A month later, or two, or three, I would return to Tianjin, to Nankai, to the 留学生办公室。Showing them my travel permits to thirty cities, all officially stamped, they had nothing to say, nothing to do. School was easy. I can read; I did not require the Party line, the Party interpretation. The rest was on me – explore China for all I was worth. That is what I did.
As brazen as I was, though, I witnessed both the prettiest side of China, and the ugliest side of China. My stories would very likely shock even you.

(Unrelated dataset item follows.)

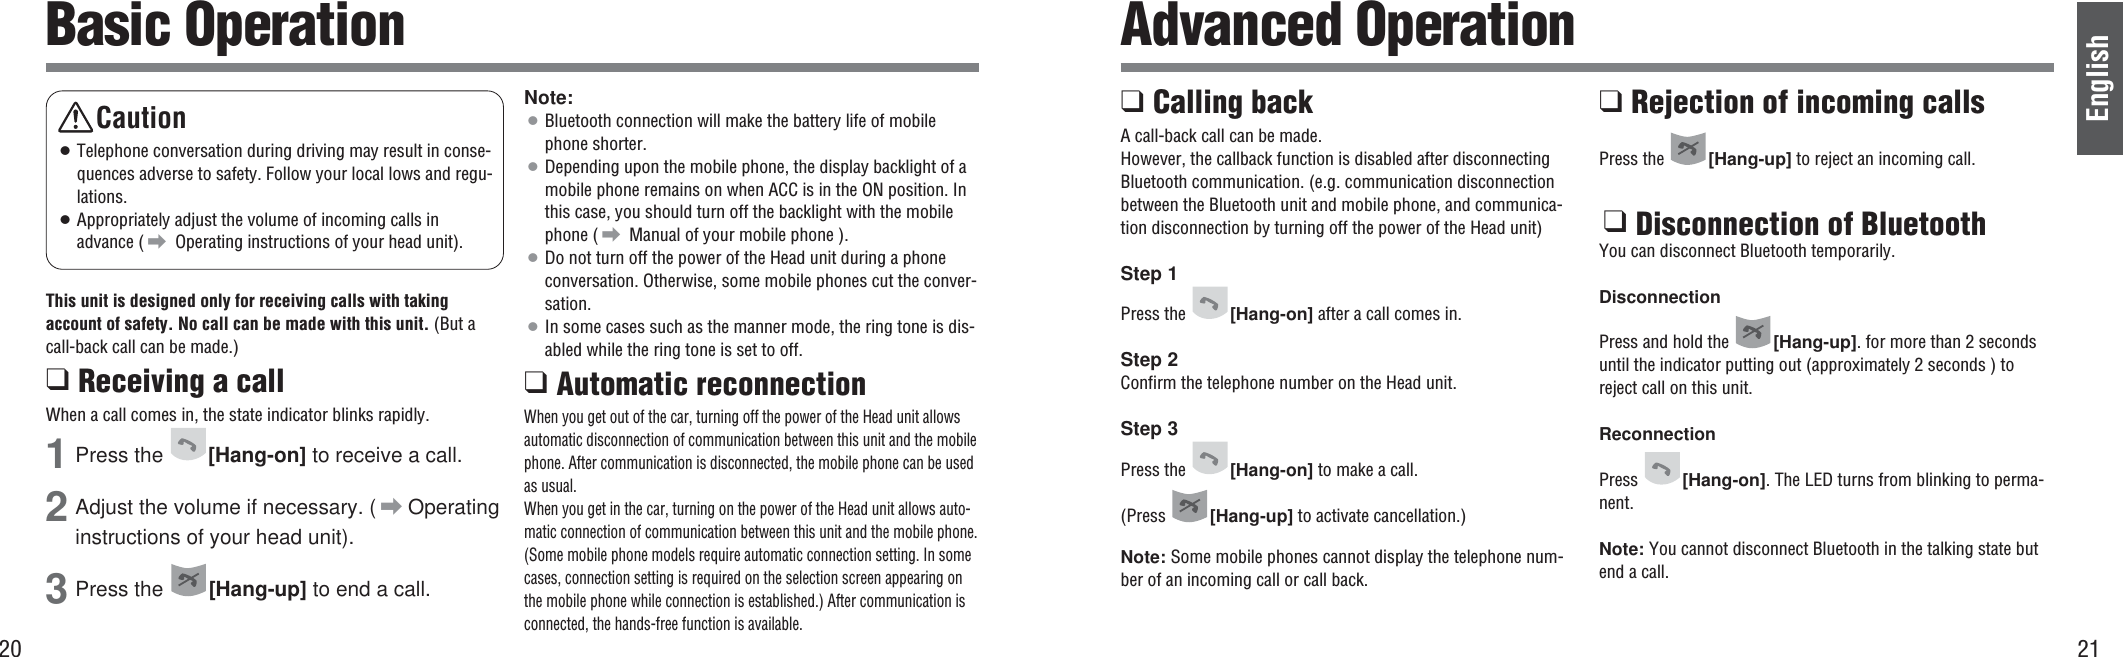 20English21Basic Operation Advanced OperationThis unit is designed only for receiving calls with takingaccount of safety. No call can be made with this unit. (But acall-back call can be made.)❑ Receiving a callWhen a call comes in, the state indicator blinks rapidly.1Press the [Hang-on] to receive a call.2Adjust the volume if necessary. ( \Operatinginstructions of your head unit).3Press the  [Hang-up] to end a call.Note:¡Bluetooth connection will make the battery life of mobilephone shorter.¡Depending upon the mobile phone, the display backlight of amobile phone remains on when ACC is in the ON position. Inthis case, you should turn off the backlight with the mobilephone ( \ Manual of your mobile phone ).¡Do not turn off the power of the Head unit during a phoneconversation. Otherwise, some mobile phones cut the conver-sation.¡In some cases such as the manner mode, the ring tone is dis-abled while the ring tone is set to off.❑ Automatic reconnection When you get out of the car, turning off the power of the Head unit allowsautomatic disconnection of communication between this unit and the mobilephone. After communication is disconnected, the mobile phone can be usedas usual.When you get in the car, turning on the power of the Head unit allows auto-matic connection of communication between this unit and the mobile phone.(Some mobile phone models require automatic connection setting. In somecases, connection setting is required on the selection screen appearing onthe mobile phone while connection is established.) After communication isconnected, the hands-free function is available.❑ Calling backA call-back call can be made.However, the callback function is disabled after disconnectingBluetooth communication. (e.g. communication disconnectionbetween the Bluetooth unit and mobile phone, and communica-tion disconnection by turning off the power of the Head unit) Step 1Press the  [Hang-on] after a call comes in.Step 2Confirm the telephone number on the Head unit.Step 3Press the  [Hang-on] to make a call.(Press  [Hang-up] to activate cancellation.)Note: Some mobile phones cannot display the telephone num-ber of an incoming call or call back.❑ Rejection of incoming callsPress the  [Hang-up] to reject an incoming call.❑ Disconnection of BluetoothYou can disconnect Bluetooth temporarily.DisconnectionPress and hold the  [Hang-up]. for more than 2 secondsuntil the indicator putting out (approximately 2 seconds ) toreject call on this unit.ReconnectionPress  [Hang-on]. The LED turns from blinking to perma-nent.Note: You cannot disconnect Bluetooth in the talking state butend a call.Caution¡Telephone conversation during driving may result in conse-quences adverse to safety. Follow your local lows and regu-lations.¡Appropriately adjust the volume of incoming calls inadvance ( \ Operating instructions of your head unit).

Today, I blame history, predominantly, for the horrors of the period. Mao Zedong is a Water Snake, 水蛇,sixty years my senior. We share a soul. I know his story. He was a poet. He was a warrior. He was a revolutionary. He was brilliant. History intervened to alter his destiny dramatically. The Great Proletarian Cultural Revolution and its accompanying fear campaigns, amongst many other twists of fortune or doom – political twists every one – rendered Mao Zedong but a bad memory in the minds of many.
I was there. I never cowered. I never hid.
Only forgiveness grants change. Today, too, as if it mattered at all in the grander scheme of things, I have forgiven China her past. I believe in her future. More than anything, I am profoundly grateful for every moment – good and not so good – that I spent in China, that I have devoted to China. I am one of the few Westerners who remained committed, for better, for worse, for richer, for poorer, in sickness and in health, to love and to cherish, till death do us part. Yes, I feel a member of the Chinese family. Still, of course, the black sheep, but her black sheep.